By Eugene le Roux, FSAIRAC, and Eamonn Ryan
In the complex field of industrial production, where machinery hums and processes flow, the spectre of equipment failure looms large.

Eugene le Roux. © RACA Journal
While the exact moment a machine will falter remains elusive, it’s often possible to quantify the probability of its breakdown over a given period. The application and operating conditions of a machine significantly influence its reliability, making the approach to maintenance a critical strategic decision.
At one end of the maintenance spectrum lies the reactive approach: waiting for a failure to occur before acting.This ‘run-to-failure’ strategy, while seemingly simple, carries significant risks. When a machine breaks down, it often causes consequential damage, leading to more extensive repairs and increased costs. More critically, in production environments where processes are interdependent, the failure of a single machine can halt an entire production line, resulting in costly downtime, missed deadlines and a substantial loss of revenue.The inconvenience of unplanned downtime can far outweigh the perceived savings of delaying maintenance.

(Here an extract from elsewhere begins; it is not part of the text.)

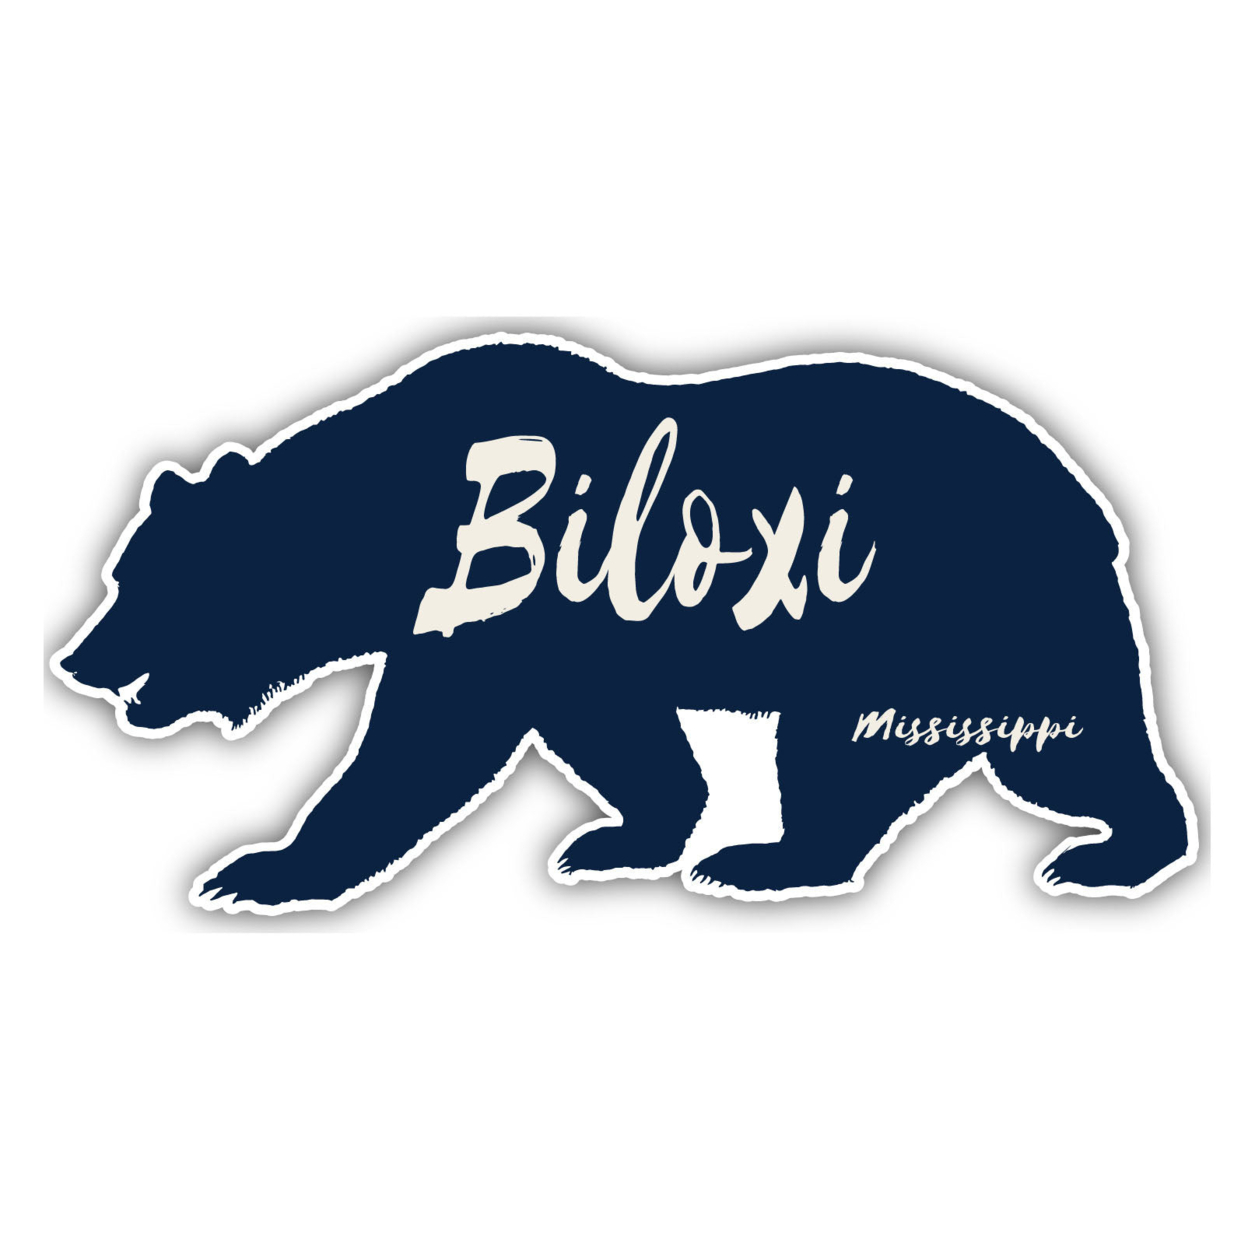 Biloxi Mississippi Souvenir Decorative Stickers (Choose Theme And Size) - 4-Pack, 10-Inch, Tent

Moving beyond reactivity, predictive maintenance emerges as a more strategic alternative. This approach suggests replacing parts on all machines when the predicted probability of failure for those components reaches a predetermined threshold. The underlying philosophy is to proactively address potential failures before they materialise, thus preventing costly disruptions to production.
While replacing parts before they demonstrably fail might seem expensive on the surface, the broader economic context often favours this strategy. In income-sensitive production environments, the luxury of uninterrupted operations can easily justify the cost of preemptive part replacement. By adhering to statistical predictions of component lifespan, businesses aim to minimise unexpected shutdowns, ensuring a smoother, more reliable production flow.This approach shifts the focus from managing breakdowns to managing risk based on anticipated wear and tear.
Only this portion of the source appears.